> [HOW TO COMPLETE THIS TASK]:
Scan the records for the line containing "Cecilia Torres Ampersand". From there through the last line, write out each line exactly.

Records from a collection
= Beginning of Section =
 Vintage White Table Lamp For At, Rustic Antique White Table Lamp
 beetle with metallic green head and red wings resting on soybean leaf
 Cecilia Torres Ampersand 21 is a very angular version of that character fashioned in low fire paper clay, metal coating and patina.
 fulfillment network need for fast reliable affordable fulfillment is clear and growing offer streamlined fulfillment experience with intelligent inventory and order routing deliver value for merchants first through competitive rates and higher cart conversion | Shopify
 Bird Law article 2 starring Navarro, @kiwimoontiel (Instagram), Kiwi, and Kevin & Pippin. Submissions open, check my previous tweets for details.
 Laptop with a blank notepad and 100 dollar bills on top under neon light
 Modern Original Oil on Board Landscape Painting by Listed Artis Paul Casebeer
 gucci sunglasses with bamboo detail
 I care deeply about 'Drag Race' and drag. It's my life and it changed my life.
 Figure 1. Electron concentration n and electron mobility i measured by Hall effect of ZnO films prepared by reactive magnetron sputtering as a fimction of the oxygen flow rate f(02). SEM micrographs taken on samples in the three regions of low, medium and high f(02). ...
= End of Section =
> [OUTPUT BELOW]:
 Cecilia Torres Ampersand 21 is a very angular version of that character fashioned in low fire paper clay, metal coating and patina.
 fulfillment network need for fast reliable affordable fulfillment is clear and growing offer streamlined fulfillment experience with intelligent inventory and order routing deliver value for merchants first through competitive rates and higher cart conversion | Shopify
 Bird Law article 2 starring Navarro, @kiwimoontiel (Instagram), Kiwi, and Kevin & Pippin. Submissions open, check my previous tweets for details.
 Laptop with a blank notepad and 100 dollar bills on top under neon light
 Modern Original Oil on Board Landscape Painting by Listed Artis Paul Casebeer
 gucci sunglasses with bamboo detail
 I care deeply about 'Drag Race' and drag. It's my life and it changed my life.
 Figure 1. Electron concentration n and electron mobility i measured by Hall effect of ZnO films prepared by reactive magnetron sputtering as a fimction of the oxygen flow rate f(02). SEM micrographs taken on samples in the three regions of low, medium and high f(02). ...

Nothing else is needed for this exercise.